══ SOURCE DATA ══

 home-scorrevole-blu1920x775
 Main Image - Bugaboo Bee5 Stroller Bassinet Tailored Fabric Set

═══
══ SOURCE DATA ══

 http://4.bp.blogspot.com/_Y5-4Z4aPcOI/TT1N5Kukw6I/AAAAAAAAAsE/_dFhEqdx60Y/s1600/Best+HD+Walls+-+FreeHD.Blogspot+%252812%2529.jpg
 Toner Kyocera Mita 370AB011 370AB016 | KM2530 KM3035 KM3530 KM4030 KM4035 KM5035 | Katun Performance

═══

Look above for the line with "home-scorrevole-blu1920x775" and the line with "Main Image - Bugaboo", and reproduce exactly those two lines plus every line between, nothing more.

 home-scorrevole-blu1920x775
 Main Image - Bugaboo Bee5 Stroller Bassinet Tailored Fabric Set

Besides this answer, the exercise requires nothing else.